Editor's Note: This op-ed was originally published in the San Antonio Express-News on Oct. 7, 2018.
By Adelita G. Cantu
The downtown San Antonio skyline looks hazy from Eisenhower Park on Oct. 2, 2016, the day of a late-season spike in ozone levels. The EPA has said San Antonio is not in attainment on ozone.
So far this year, at least 13 days were considered unsafe for breathing outside. President Donald Trump’s EPA notified San Antonio — with good reason — that it needs to clean up its air by lowering ozone, or smog, levels, yet the EPA has also proposed numerous rollbacks making it easier for industries to pollute and harder for San Antonio to clean its air.
Ground-level ozone forms when nitrogen oxide from cars and trucks, cement kilns, coal plants, and oil and gas activities combine with volatile organic compounds (benzene and butadiene from gas stations, cars, oil and gas activities, paint fumes and dry cleaning chemicals) in the sunlight.
Effects of ground-level ozone are worst on hot summer days. High levels are hazardous and irritating to the lungs and particularly harmful to the young, elderly, those who work outside, and those with asthma or other respiratory issues; they can even lead to increased heart attacks and premature death.

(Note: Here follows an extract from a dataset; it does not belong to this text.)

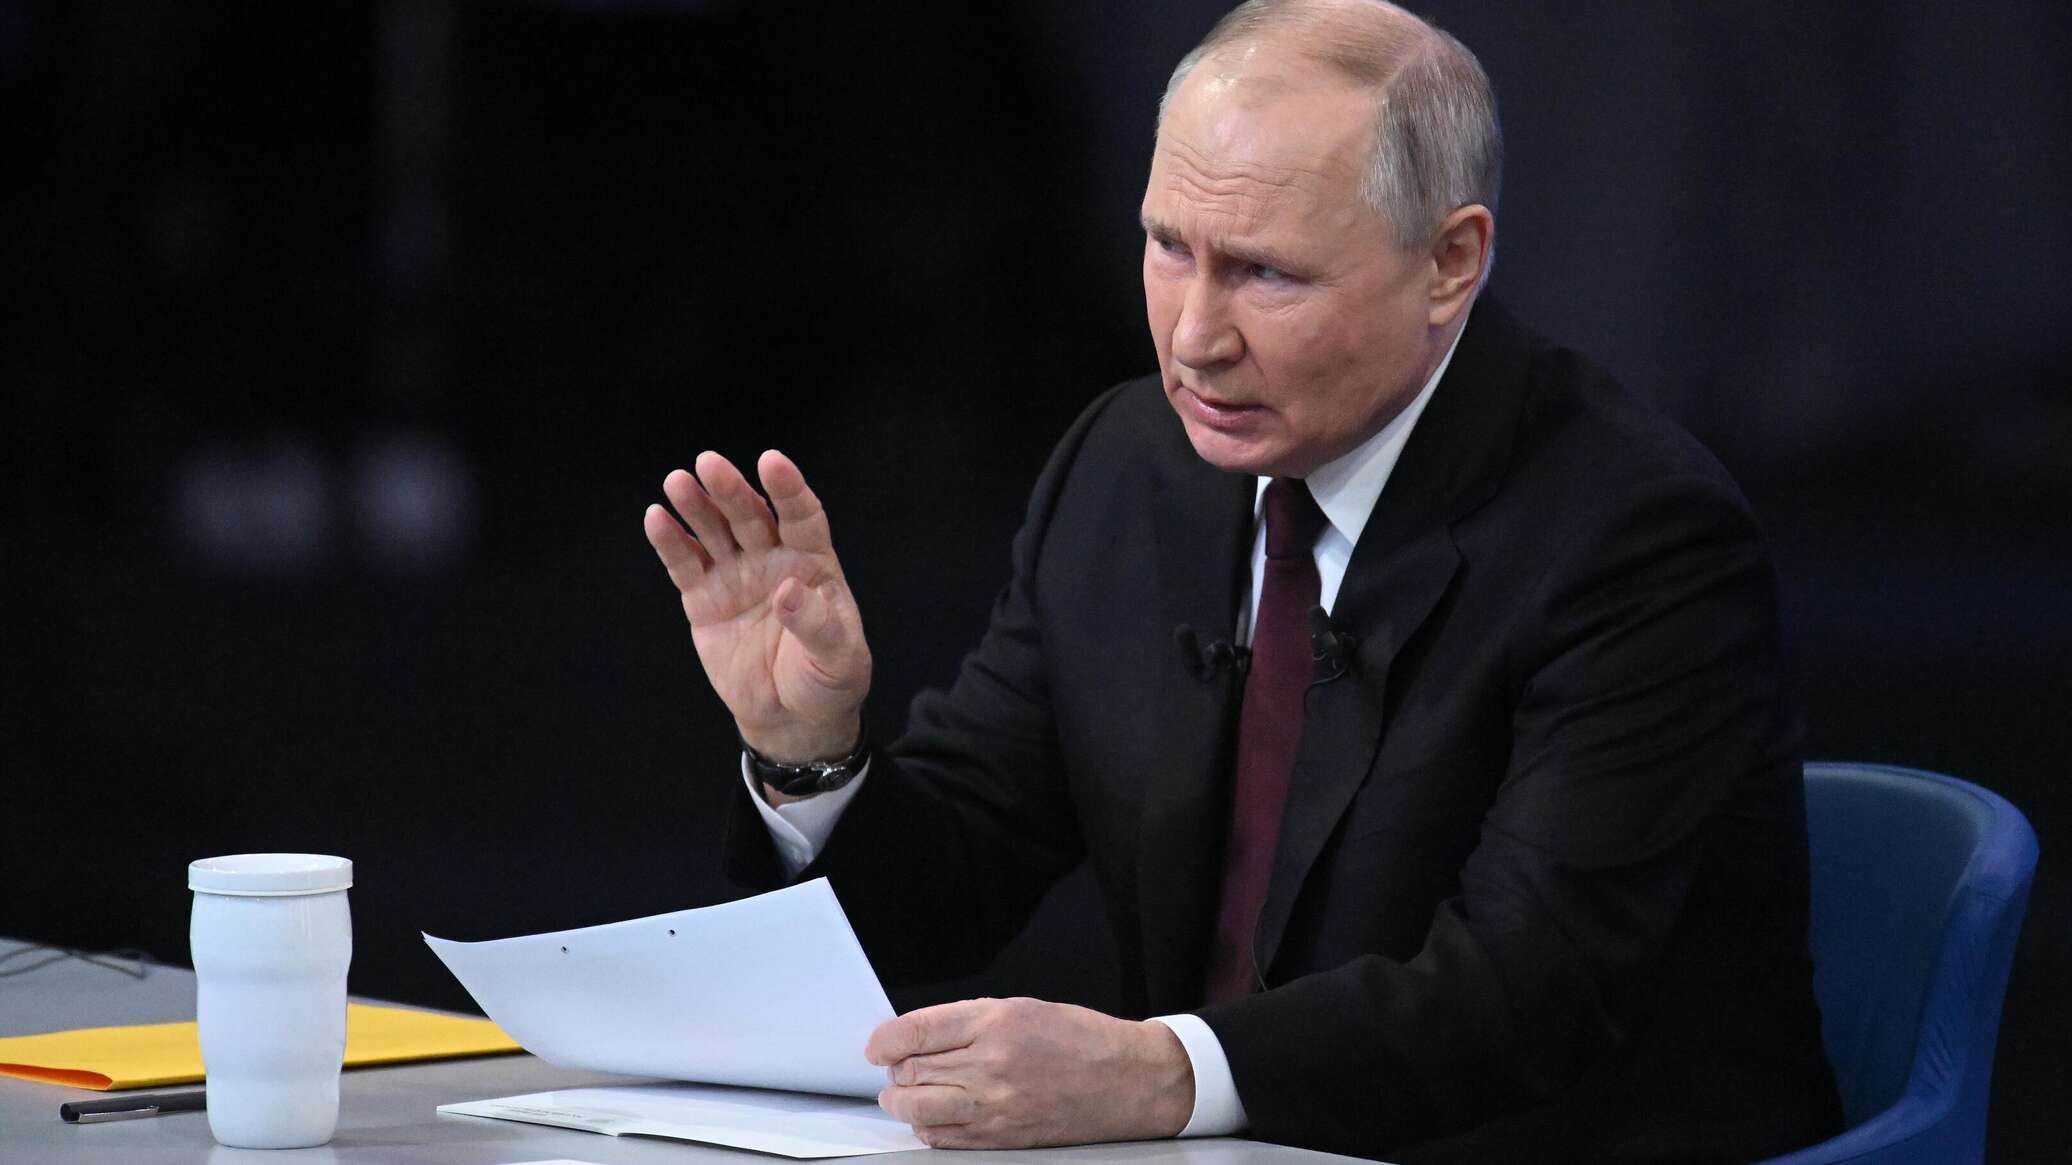 بوتين: أعداء روسيا وضعوا أنفسهم في الزاوية عندما رفضوا التفاوض معها

Bexar County has routinely violated safe levels of ozone, and the EPA finally did the right thing and declared the county in “nonattainment” with the ozone standard.
Bexar County now needs to put a plan in place to address it.
Yet while Trump’s EPA is telling Bexar County to clean up its mess, it is proposing rules that would increase the very same pollutants that contribute to dirty skies and ozone formation.
In August, the EPA announced its plan to freeze Obama-era fuel efficiency standards for new cars and trucks. The proposed rollback would freeze required improvements on gas mileage and emissions for six years, and will result in increased ozone pollution and health costs in Bexar County.
Then, the EPA announced its Clean Power Plan replacement, the Affordable Clean Energy Rule. The CPP was designed to require utilities to put themselves on a cleaner path. It would have lowered carbon dioxide levels by 32 percent over 12 years, along with other pollutants like sulfur dioxide and nitrogen oxide. In contrast, the new rule — using the EPA’s own calculations — would lead to 1,400 additional premature deaths and 48,000 new cases of asthma each year nationwide.
If that weren’t enough, the EPA announced a regional haze plan that is supposed to cut sulfur pollution from impacting national parks but instead could keep old Texas coal plants polluting.
Haze is the grungy air caused when coal pollution travels long distances and combines with other air pollution, harming views in places such as Big Bend National Park and the Guadalupe Mountains.
The Clean Air Act requires states, or the EPA, to put together a haze plan. The previous proposed rule for Texas would have significantly reduced sulfur pollution from our oldest, dirtiest coal plants, but the Trump administration ignored these requirements and proposed a plan that could actually increase pollution. The plan would potentially create a market that would allow coal plants slated for retirement, such as CPS Energy’s Deely coal plant, to sell “sulfur pollution credits” to other outdated Texas coal plants, allowing those dirty plants to pollute even more.
Finally, the EPA recently announced that the rule to control methane pollution from new oil and gas drilling activities would be replaced by a rule that would loosen the already modest requirements to control pollution from the oil and gas operations.
The Alamo Area Council of Governments conducted several studies showing that increased oil and gas activity nearby increases the likelihood of ozone formation within Bexar County, especially if producers don’t check for leaks.
So, while Trump’s EPA is finally ordering San Antonio to clean the air we breathe, the cruel — and dangerous — irony is the onslaught of environmental protection rollbacks intended to benefit the fossil fuel industry at the expense of our health and environment.
Fortunately, none of the four proposed rules are final, and we must tell Trump’s EPA and our city leaders that these proposals make it very difficult to protect public health and meet clean air standards.
Adelita G. Cantu, Ph.D., RN, is with the Alliance of Nurses for Healthy Environments.